Task input:
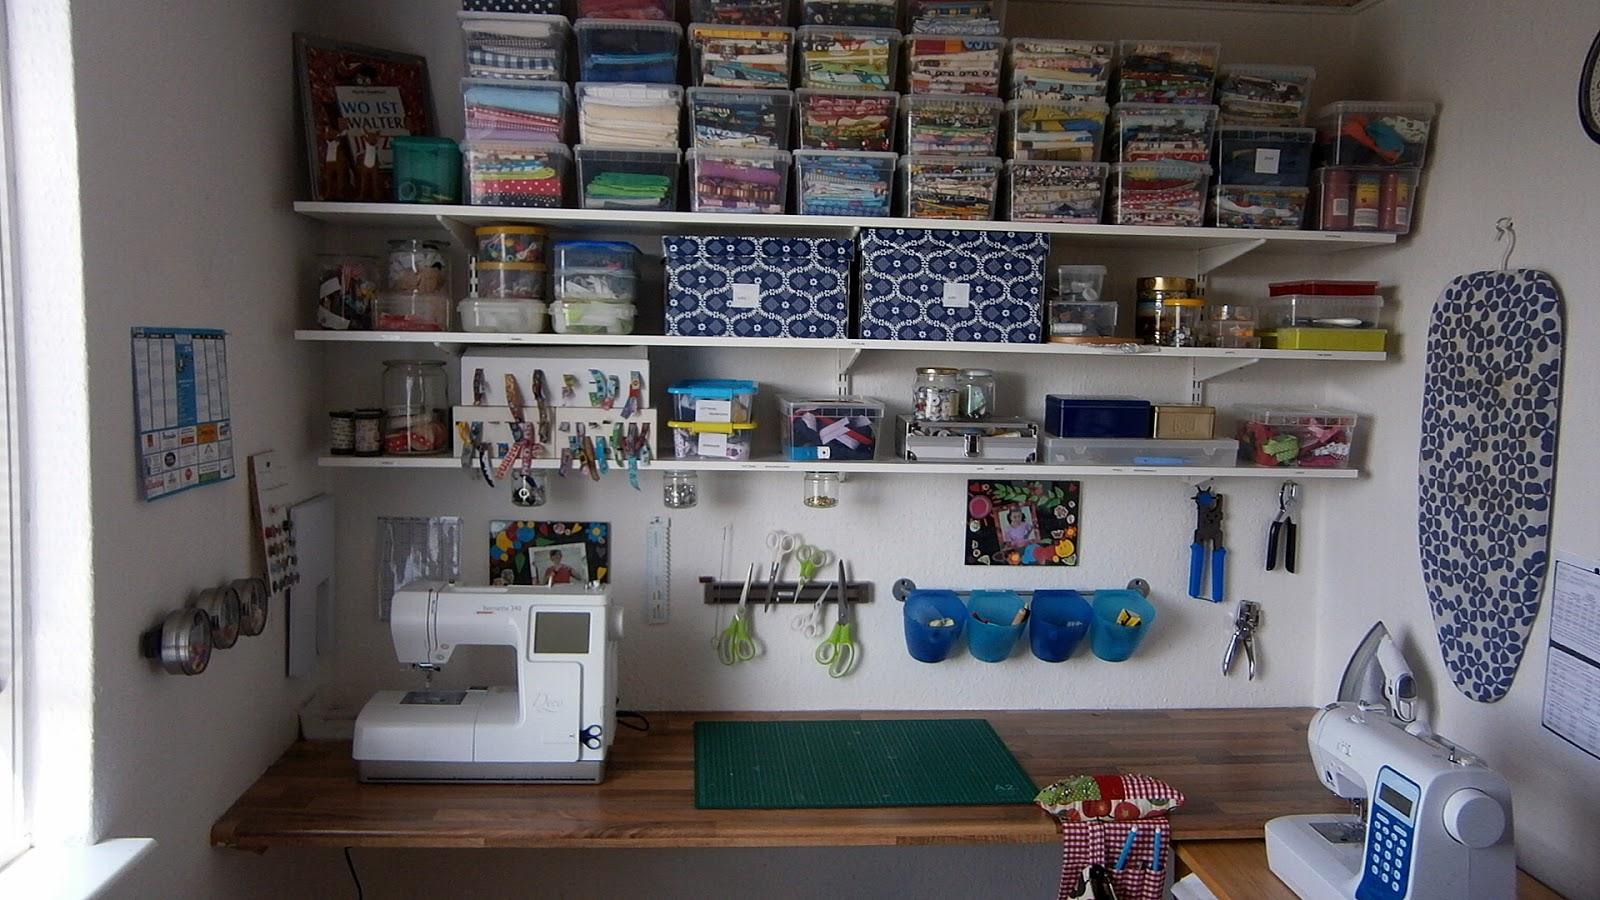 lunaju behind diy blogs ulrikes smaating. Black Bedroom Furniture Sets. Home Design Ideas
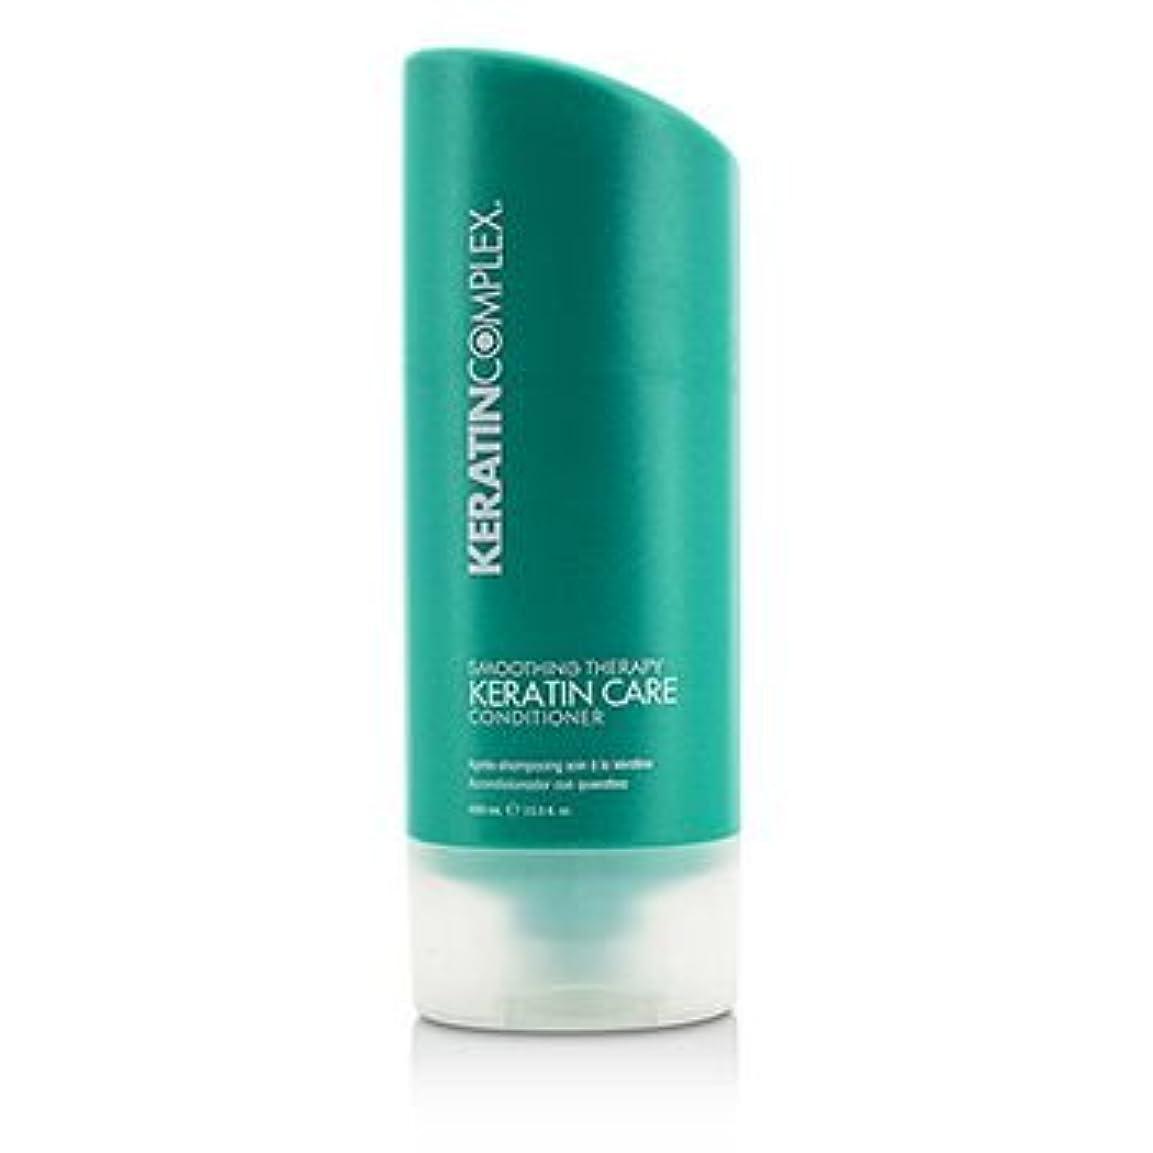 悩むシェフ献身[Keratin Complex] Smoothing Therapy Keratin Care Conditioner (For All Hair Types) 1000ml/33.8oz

==

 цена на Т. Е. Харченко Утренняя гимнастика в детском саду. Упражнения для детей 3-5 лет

Requirement: In the data above, find the line containing "lunaju behind diy" and the line containing "悩むシェフ献身[Keratin Complex] Smoothing". Copy exactly the stretch from the first through the second, both included, leaving out any picture.

Result of the task:
 lunaju behind diy blogs ulrikes smaating. Black Bedroom Furniture Sets. Home Design Ideas
 悩むシェフ献身[Keratin Complex] Smoothing Therapy Keratin Care Conditioner (For All Hair Types) 1000ml/33.8oz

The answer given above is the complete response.